Braking the pods
Having pods speeding down the ribbon towards either planet is no joke. What if anything fails?
On Earth, something falling from the moon towards the Earth would reach the atmosphere at close to 40 thousand kilometers per hour. That was the speed the Apollo capsules had when they reached the atmosphere where they slowed down by friction. That is why the recent test flight of the new NASA capsule Orion was such a big deal, could the thermal shield protect the capsule? Since Apollo 17, no spacecraft has re-entered the atmosphere at such speed. Orion hasn´t gone that fast, but it was far faster than any man-rated vehicle has since Apollo.
Anyway, back to the novel, what to do with a failing falling pad? If the problem is detected soon enough, the best is to discard it. The two halves of the climber, one on each side of the ribbon, would simply separate and fall away. The easiest and lightest would be explosive bolts, frequently used when separating rocket stages, which would also provide a light push to each half away from the ribbon. From the midway point up to a certain height, the halves would eventually burn up in the atmosphere. It would help if the cargo bay opens and the contents spread, since that would ensure everything burns up faster. However, if this is done very high, the remains might get into orbit. That is not good since in that case, they would eventually return to the point where they had detached from the cable and hit it. That is in theory, in practice, it´s anyone´s guess. Due to many perturbation factors, the chances of actually hitting the cable are small.
The highest chance would be if the two halves are ejected in the direction of the ecliptic, meaning one eastwards, the other westwards. Even then, the cable is continuously vibrating like a guitar string, very slowly, but enough to move away from the debris at the right moment. By tensioning the cable or changing the speed on the remaining pods, that movement can be adjusted to avoid the debris.

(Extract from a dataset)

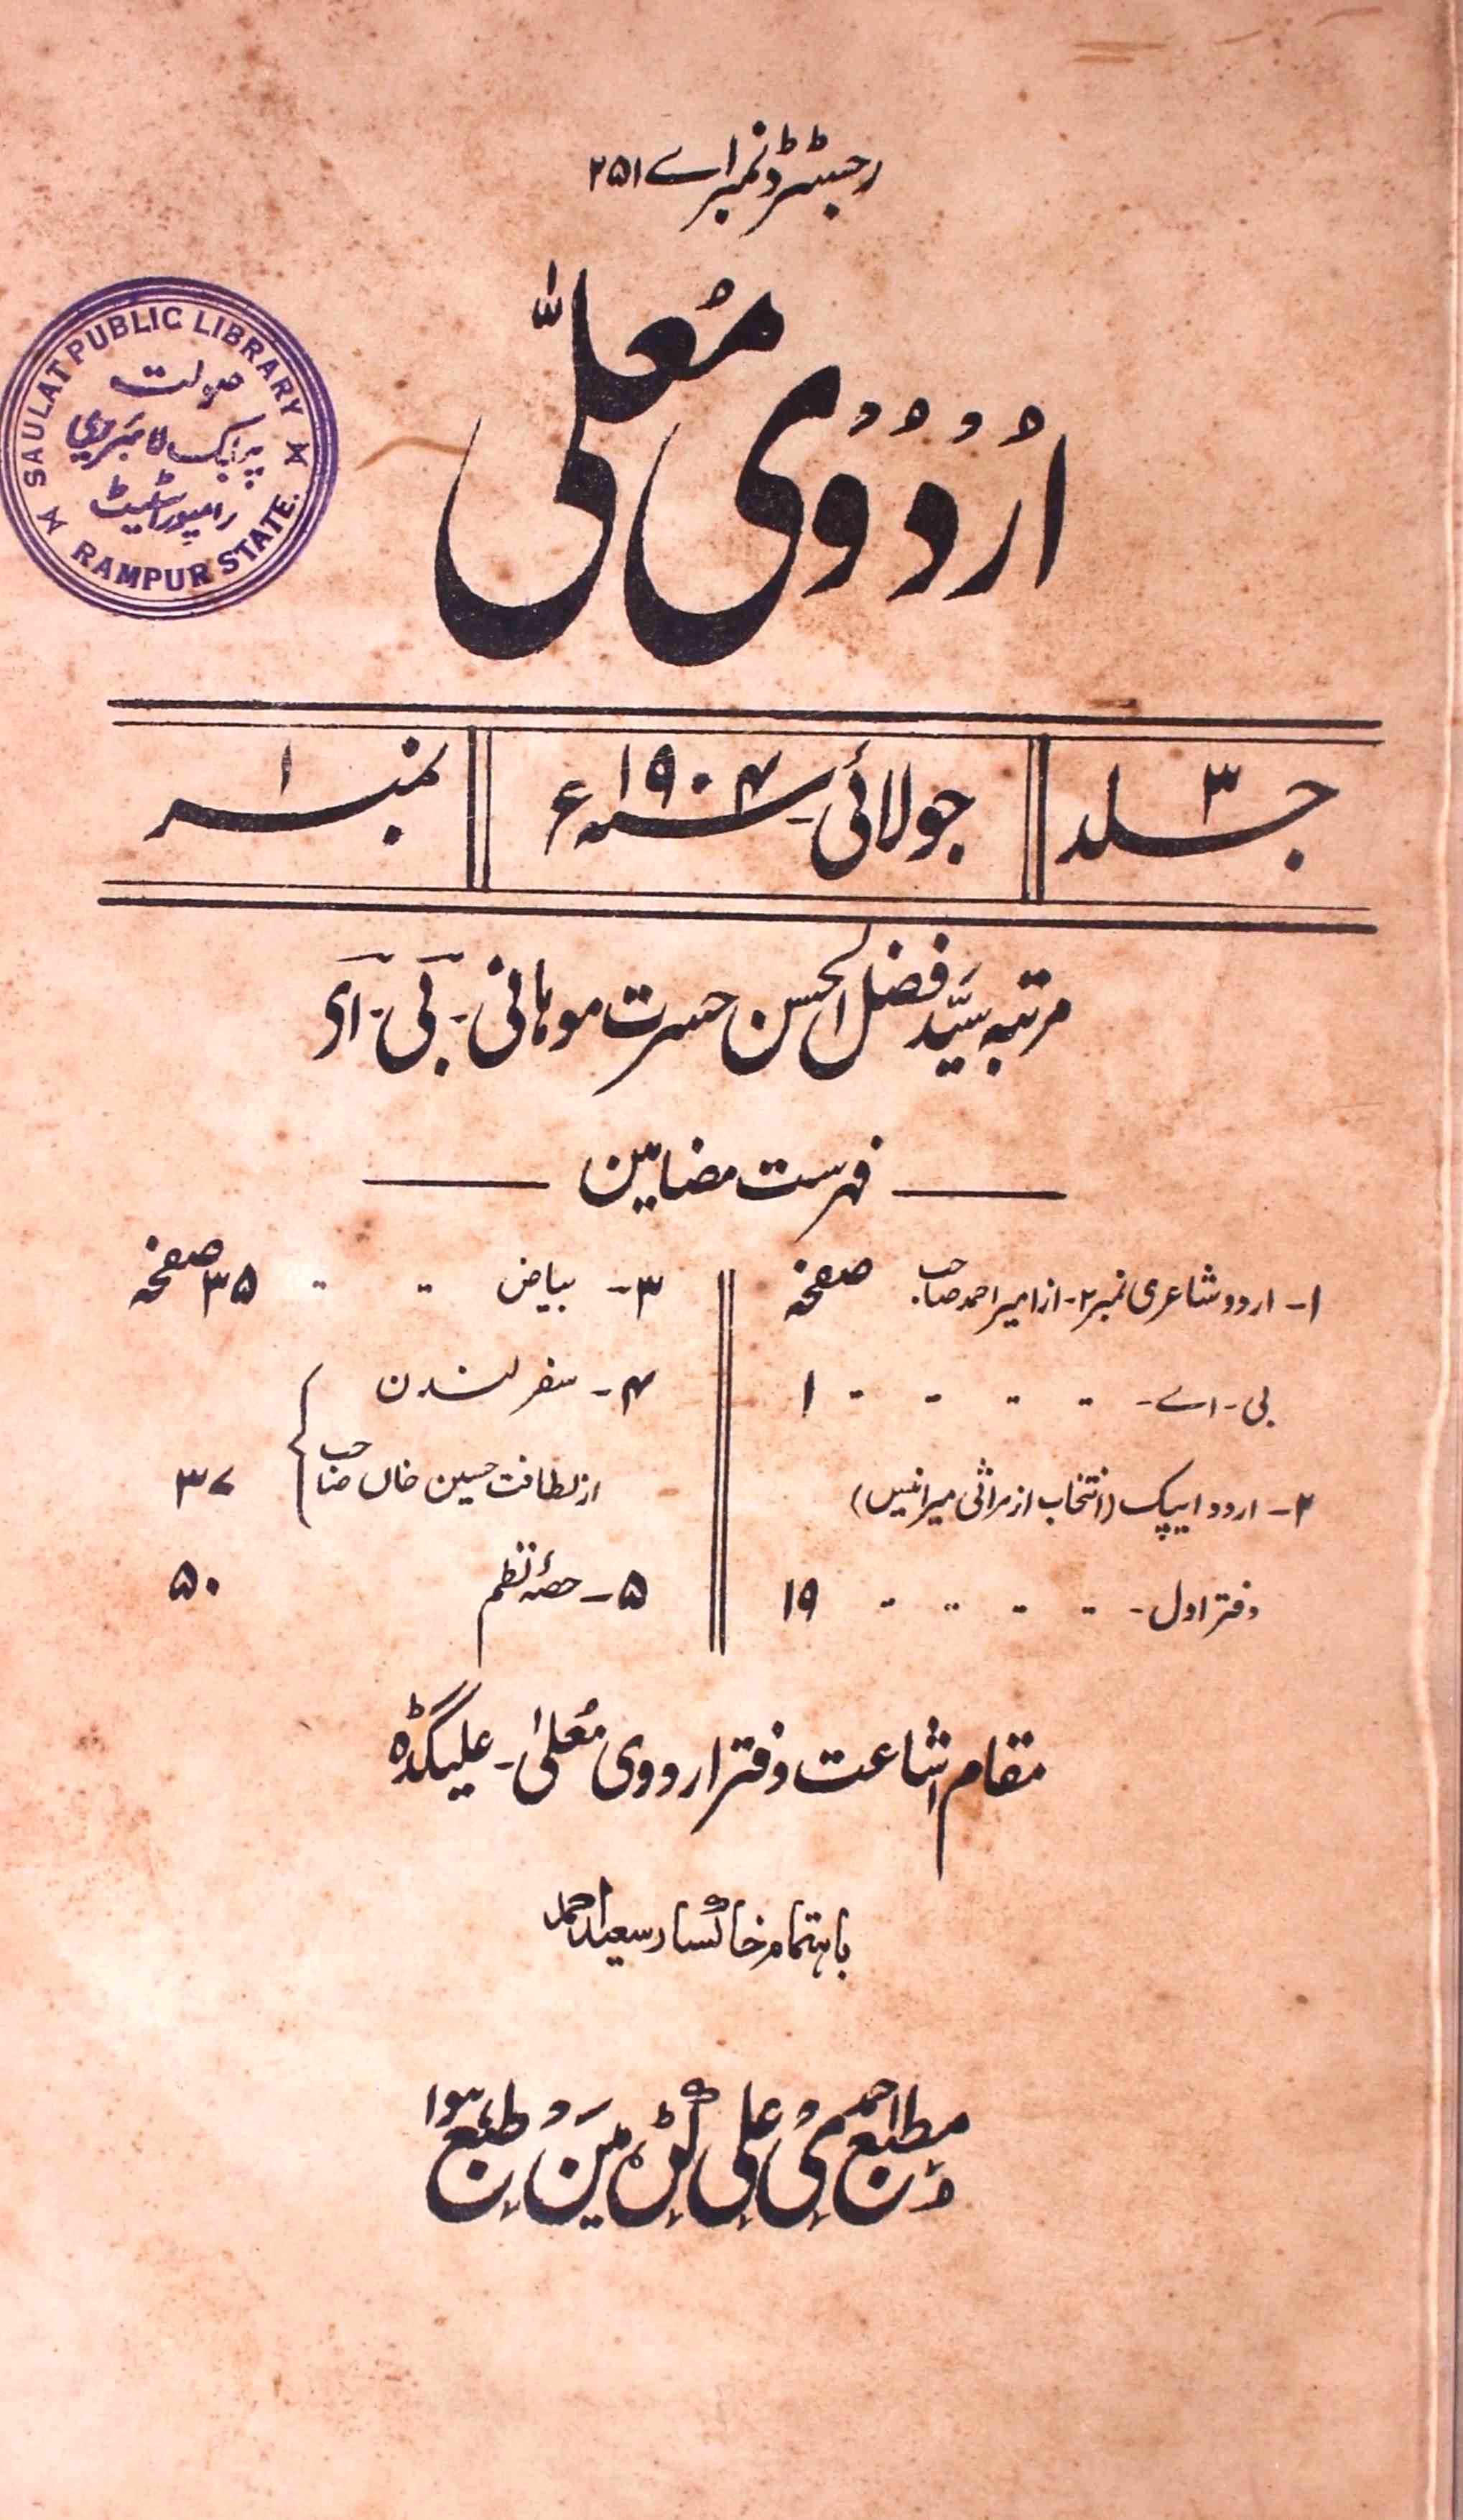 Urdu-e-Mualla, Aligarh

If ejected in a polar direction, the cable and the pod remains would meet only after very many orbits, that is, if the pods don´t slow down due to friction in the atmosphere and burn down before that happens, which is the whole point.
If the linear induction motor works all the way down and the parachutes fail, an extra set of parachutes could be sent up via a small sounding rocket or a weather balloon tethered to the cable. As the pod comes down, it would entangle itself in the tether and pull the parachute out of the rocket or balloon.

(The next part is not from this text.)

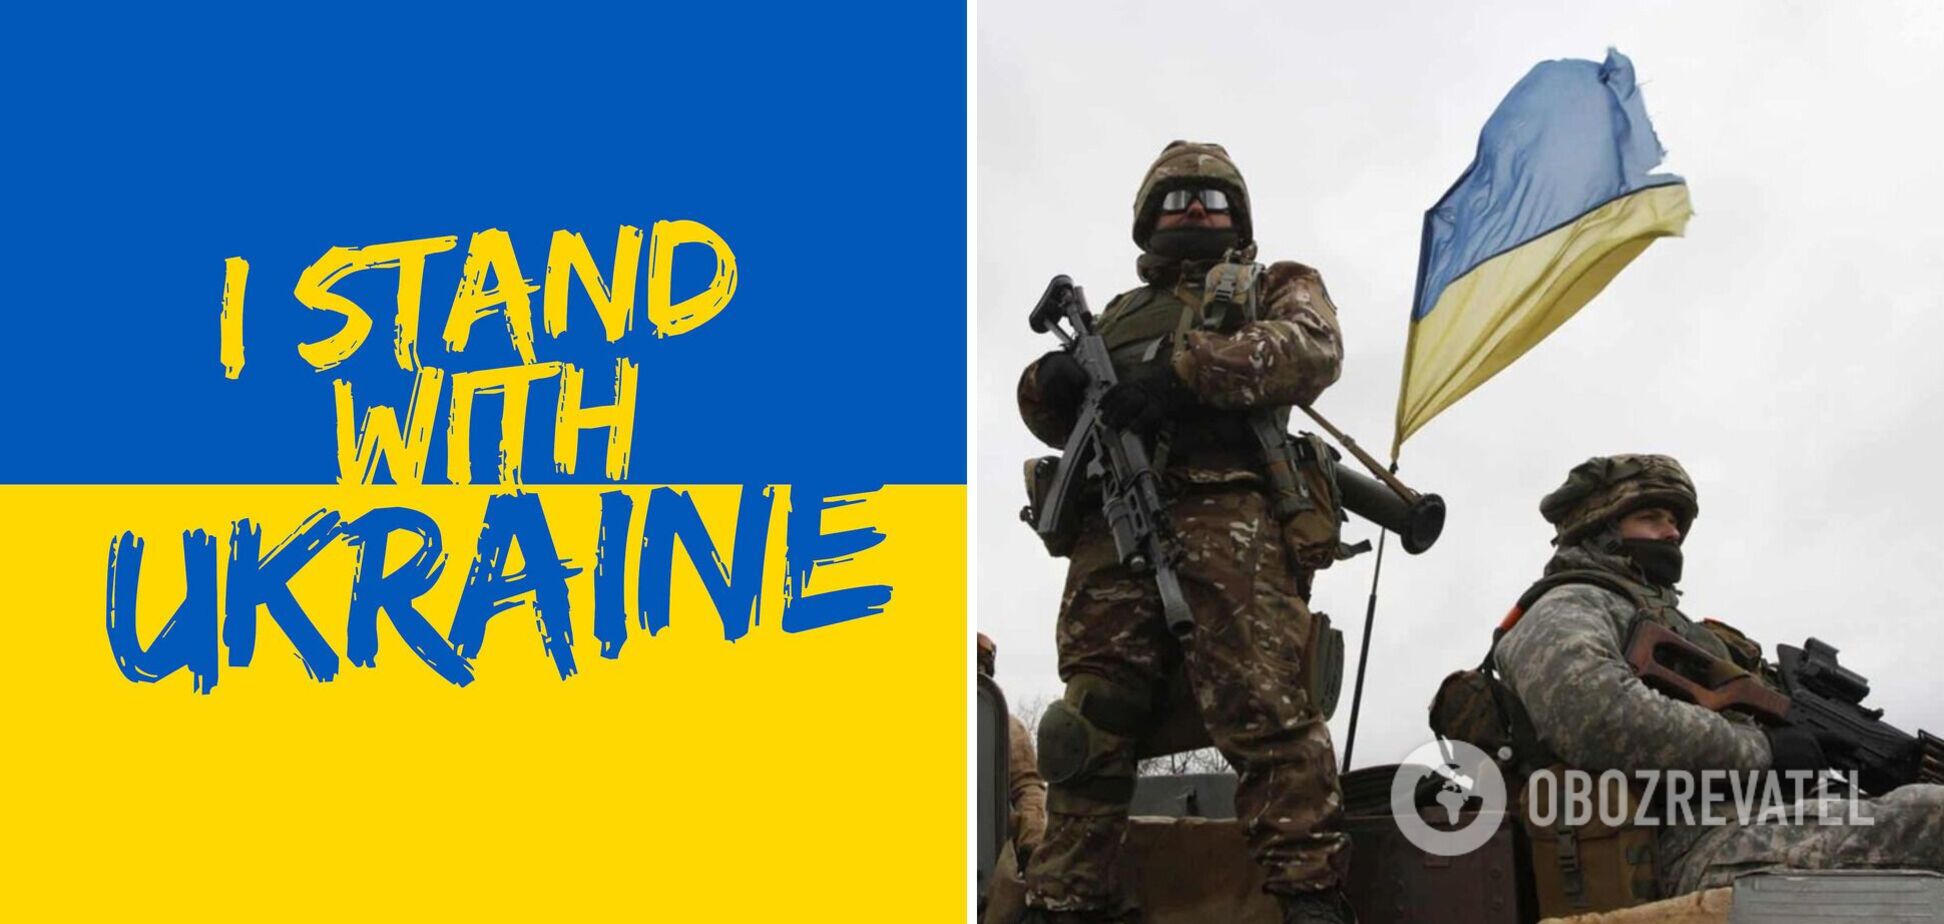 'Ми можемо зупинити війну': Zgraya Digital створила плагін, який інформує відвідувачів сайту про можливість підтримати Україну

An idea that fascinated me was what if that is not enough. I remembered how the catapult of an aircraft carrier is stopped after it has released the plane. The piston runs in a tube which has injectors for water jets that swirl around the inside of the tube. The jets point towards the incoming piston but at an angle so the water remains attached to the tube, being centrifuged by its own speed. The front end of the piston is shaped so it scrapes the water from the tube and sends it back through the center of the tube. The tube is open towards the bow of the aircraft carrier so after every plane departs, the catapult spits a jet of water right behind it.
So, in the case of the ribbon, two water jets could be sent upwards one on each face of the ribbon. The pod would have its front shaped like a snowplow. Scraping the water from the ribbon and sending it sideways or, preferably, back down, would eat up a lot of the speed. Remember that this would only be used if the induction motor did work so the pod would be falling at a few hundred kph, not tens of thousands. At that kind of speed, the pod would not go fast enough to burn in the atmosphere if released. For the final stop, a net can be deployed at the top of Pinnacle or its counterpart in Heaven, like those deployed in aircraft carriers to catch plans whose landing hook is damaged.
I would have loved to put this in the novel but it seemed it would lengthen that chapter too much. It is already dense with technical details, it didn´t need any more.